The FDA Wants Opana Pulled from the Market
Amidst the opiate crisis, there are some good news and good decisions that come down the line every so often. Lately, it’s been an uphill battle in regards to fighting the drug problem in this country. It seems every time things start to move in the right direction, a new drug comes along and derails all the progress that’s been made. It’s very rare you see the FDA step in and request a specific drug to be pulled from the market and have its sales ceased, since it’s the FDA who approves the use of the drugs in the first place. So, for the FDA to come in and request Opana be pulled from the market, that drug has got to be bad.

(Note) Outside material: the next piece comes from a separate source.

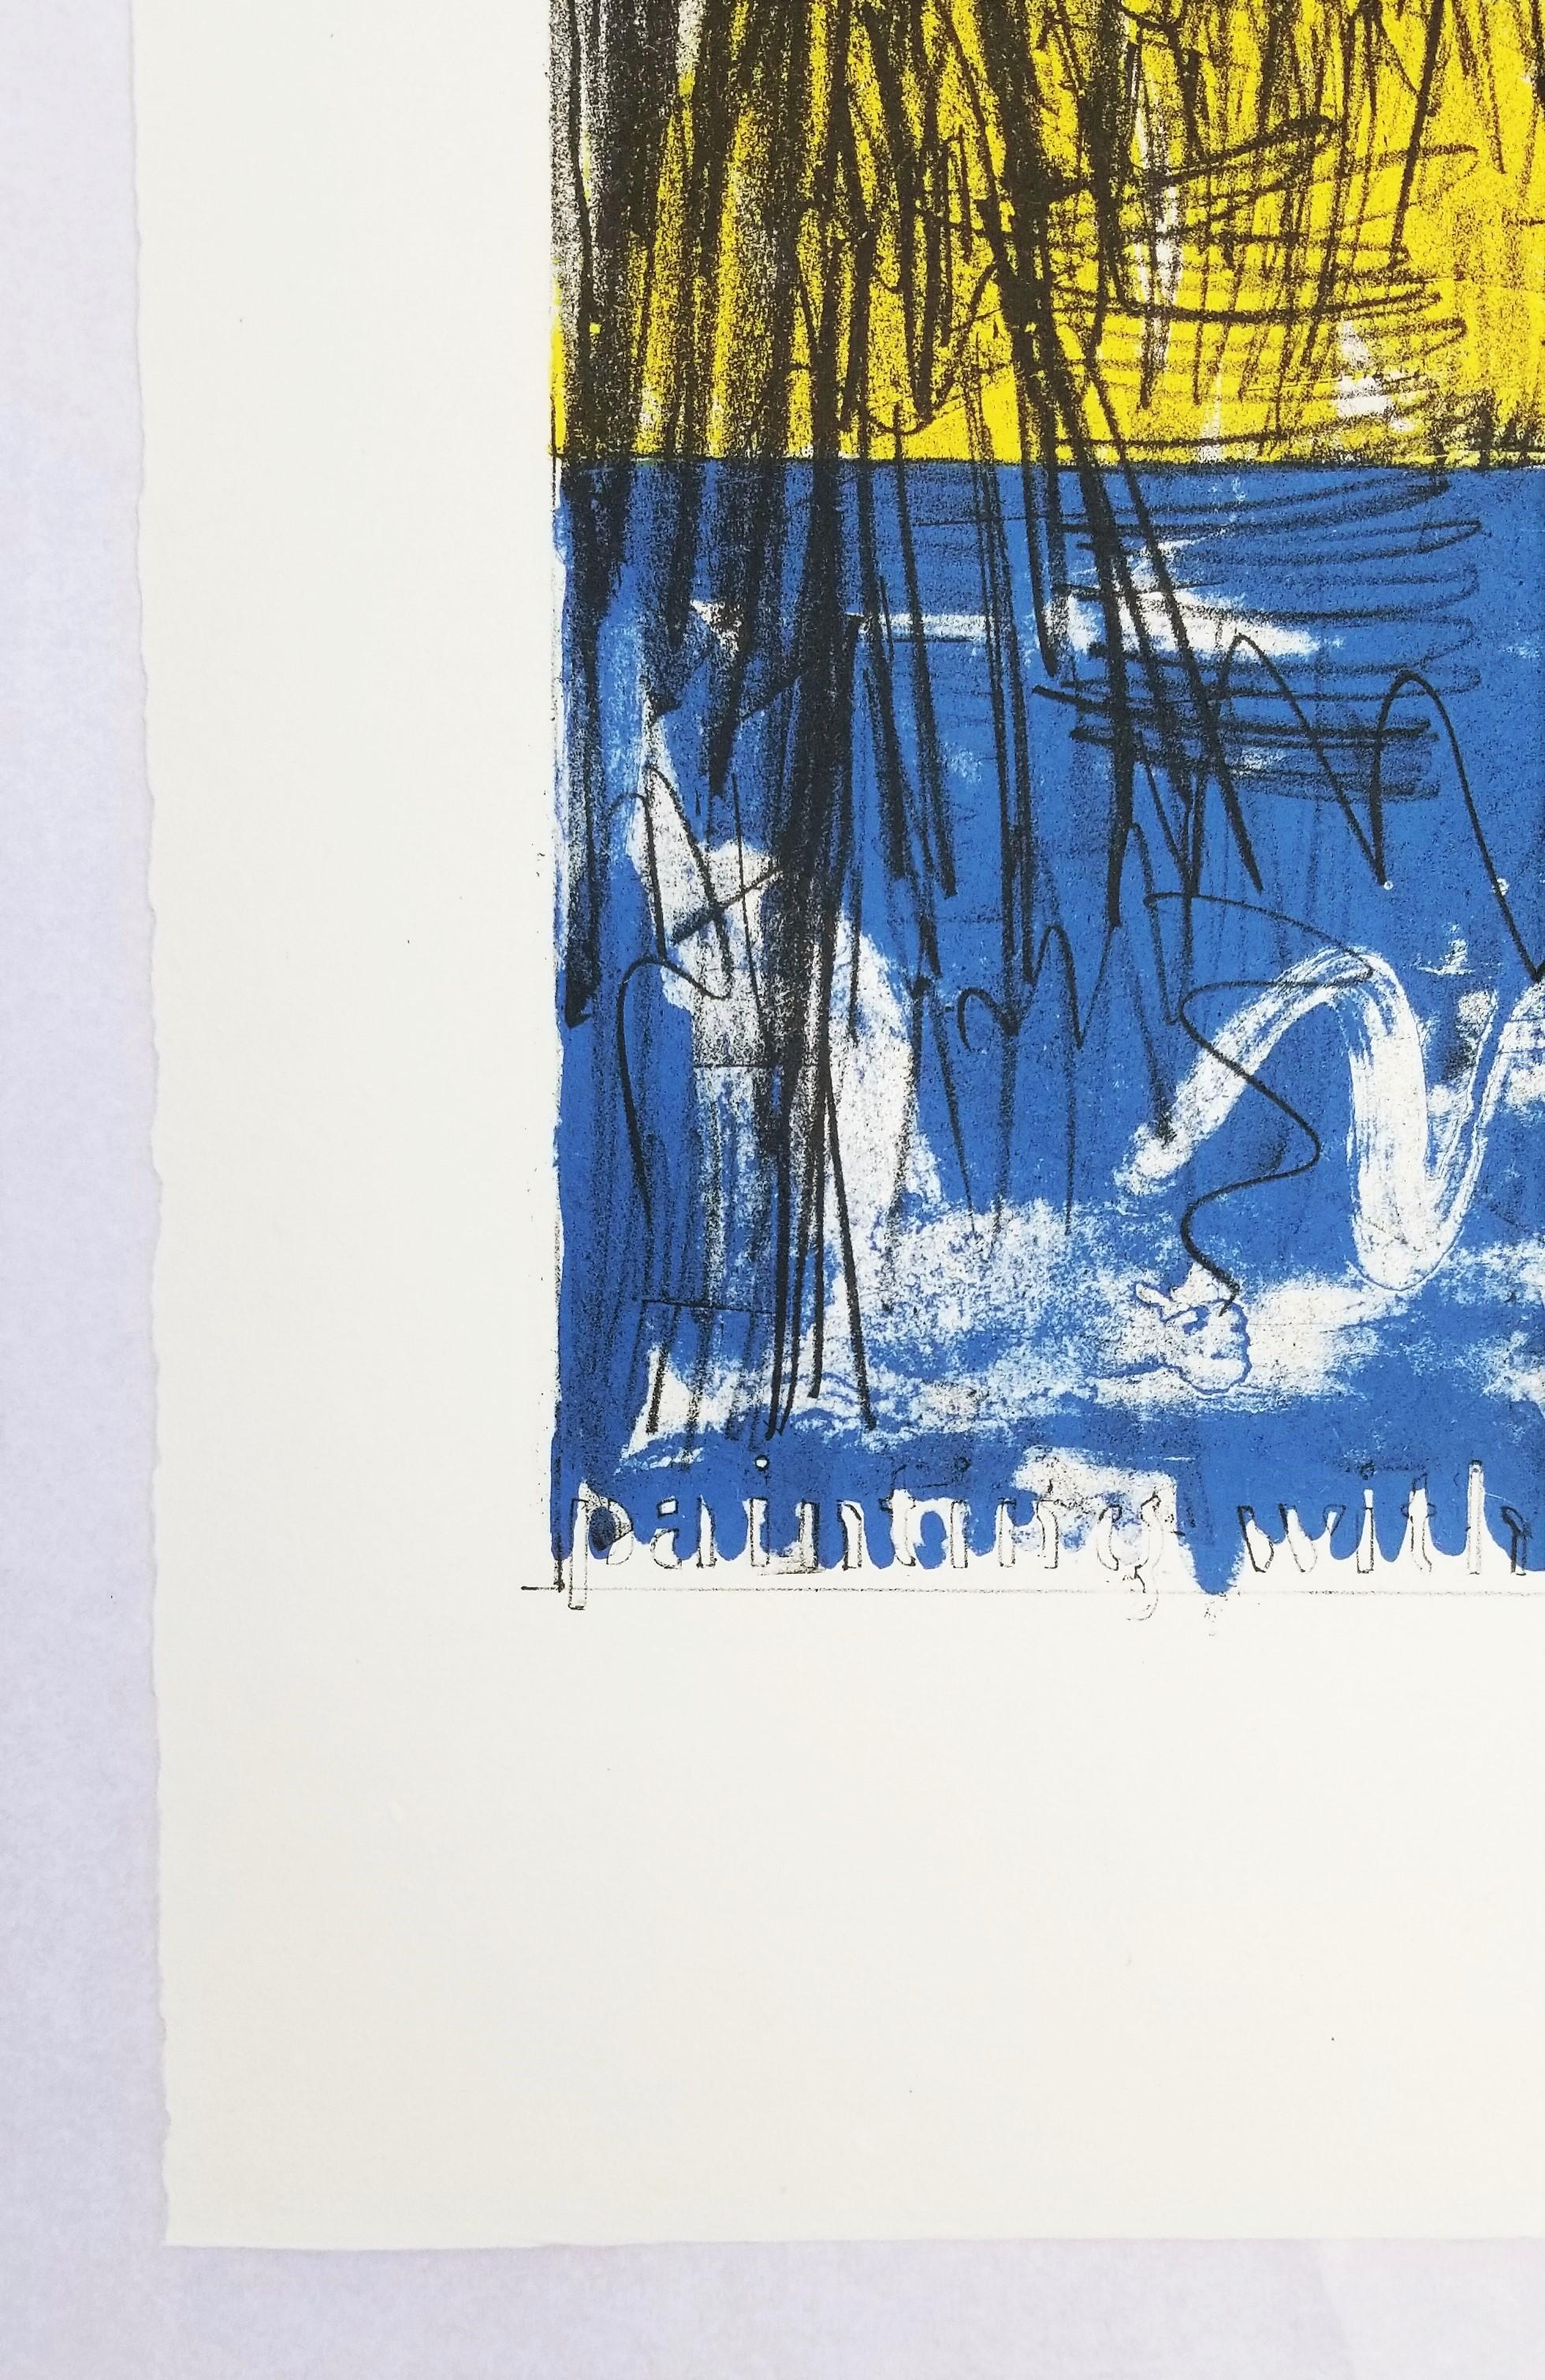 Artist: (after) Jasper Johns (American, 1930-)
Title:

Opana is Dilaudid’s “big brother.” It’s a powerful synthetic opiate usually prescribed for severe pain and terminal illness. It’s chemical name is Oxymorphone as opposed to Dilaudid’s chemical name, which is Hydromorphone. Opana is much, much stronger than Dilaudid, and is highly addictive. It has already been the cause of many overdoses and deaths throughout the country. Typically, addicts will crush and snort the pill or shoot it with needles. When addicts try to stop using Opana, the withdrawals are severe and many don’t attain sobriety without seeking outside help.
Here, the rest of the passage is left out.